Les questions à trancher

[12]           Kimberly Transport et l’administration portuaire décrivent différemment les questions en litige dans la présente demande. Selon moi, les questions qui doivent être tranchées peuvent être précisées en répondant aux questions suivantes :

1.                  Quelle est la pertinence et quelles sont les conséquences, s’il y en a, de l’omission, par l’administration portuaire, de divulguer le nom du décideur dans la décision concernant le retrait?

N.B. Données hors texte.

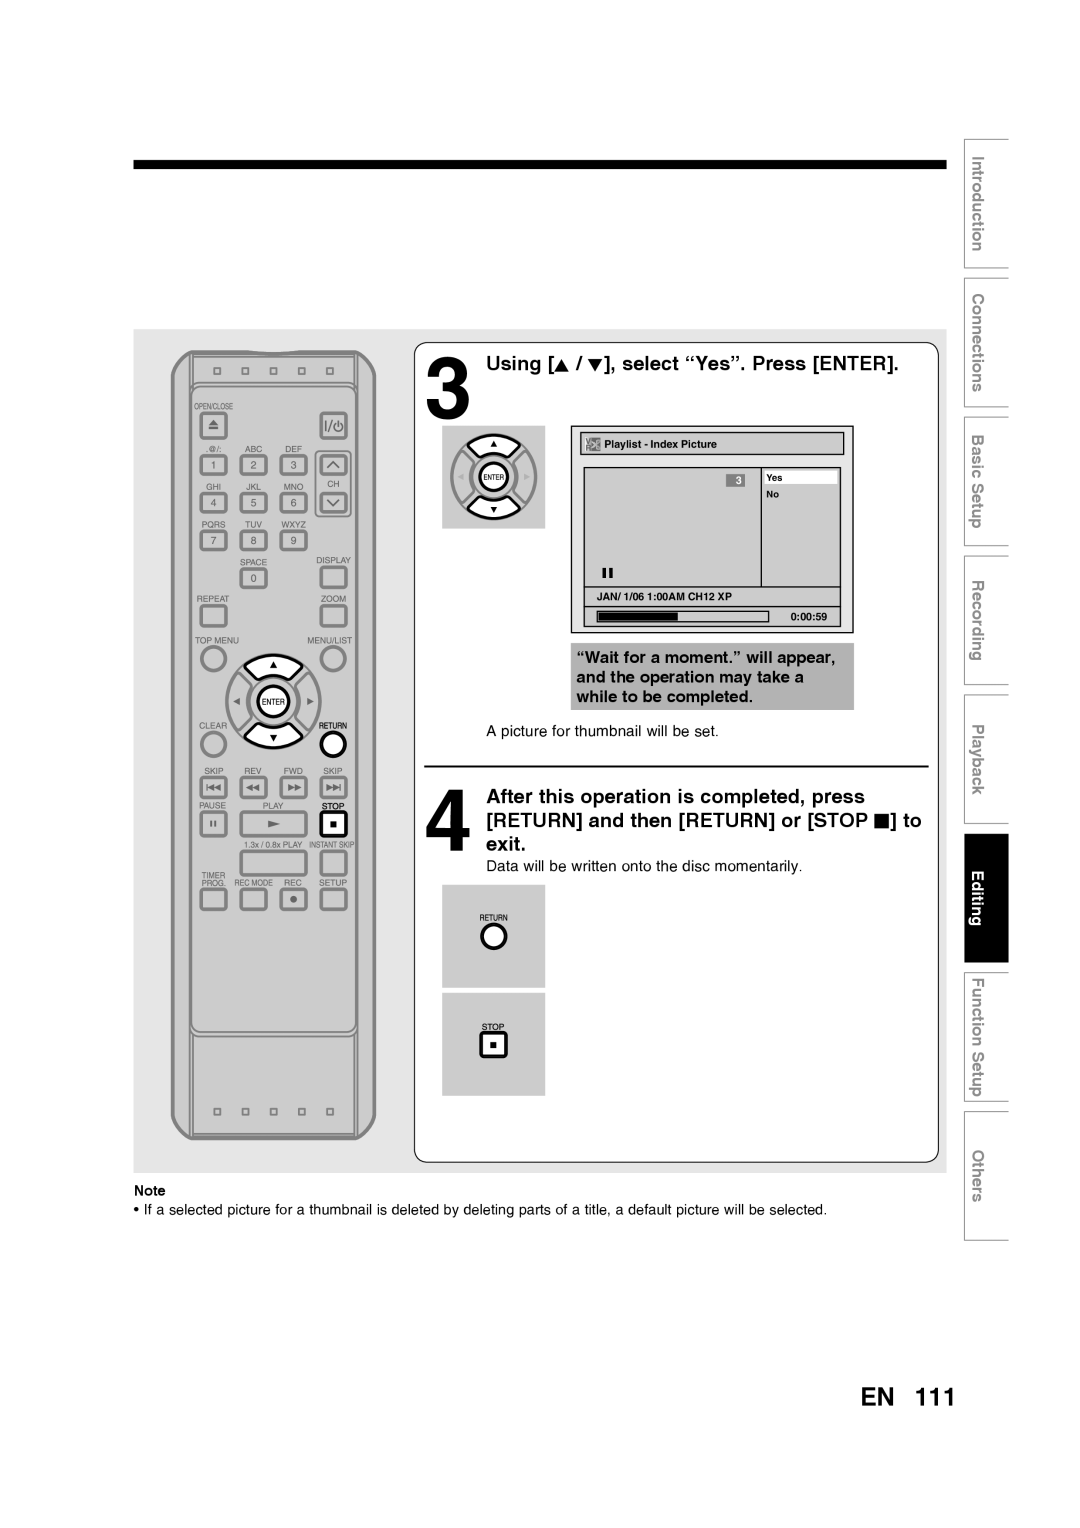 Toshiba D-RW2SU/D-RW2SC Using K / L, select “Yes”. Press ENTER, Editing Function Setup Others, Playlist - Index Picture

2.                  Si la demande n’a pas été présentée en temps opportun, la Cour doit‑elle proroger le délai de présentation de la demande prévu par les Règles, laquelle, selon l’administration portuaire, a été déposée après le délai de 30 jours fixé par le paragraphe 18.1(2) de la Loi sur les Cours fédérales?

3.                  Si la Cour prolonge le délai de présentation de la demande ou si, pour toute autre raison, la demande a été déposée dans le délai prescrit et que la Cour accueille la demande de Kimberly Transport, quel devrait être le redressement accordé?

Analyse

1.         Nomination du décideur

[13]           Kimberly Transport invoque, à l’appui de sa demande, la décision rendue par la Cour dans Wah Shing Television Ltd. et Associés c Conseil de la radiodiffusion et des télécommunications canadiennes, [1984] ACF n161 (C.F. 1re inst.) [Wah Shing] selon laquelle « [l]'obligation d'audience impartiale implique que les parties doivent pouvoir déterminer quels membres du tribunal ont participé à la décision».

[14]           Dans l’affaire Wah Shing, le requérant avait participé à des instances en matière de licences devant le CRTC. Le requérant n’a pas soutenu que les principes de justice naturelle n’avaient pas été respectés au cours du processus qui a mené aux décisions concernant la licence; toutefois, il a présenté une requête en mandamus lorsque le CRTC a refusé de divulguer quels étaient les membres du comité de direction qui avaient participé à l’une et à l’autre des décisions et si, dans l’un comme dans l’autre cas, ils y avaient souscrit, ou s’ils avaient été dissidents. Le requérant a soutenu que le refus constituait un manquement aux principes de justice naturelle que la Cour pouvait corriger en rendant une ordonnance de mandamus.

[15]           Le juge Strayer a souscrit à ces arguments. Il a déclaré que « lorsqu’il y a obligation légale d’accorder une audience impartiale, il en découle que les parties intéressées doivent pouvoir déterminer quels membres du tribunal ont participé à la décision qui les touche ». Le fondement de l’obligation serait que, si le nom des décideurs n’est pas divulgué, « le droit, qu’ils pourraient autrement avoir, de contester la décision, notamment pour partialité, réelle ou appréhendée […], serait alors dénié ». J’ajoute que le fait de ne pas nommer le décideur empêche également la partie en cause de déterminer si le décideur était compétent pour prendre la décision contestée.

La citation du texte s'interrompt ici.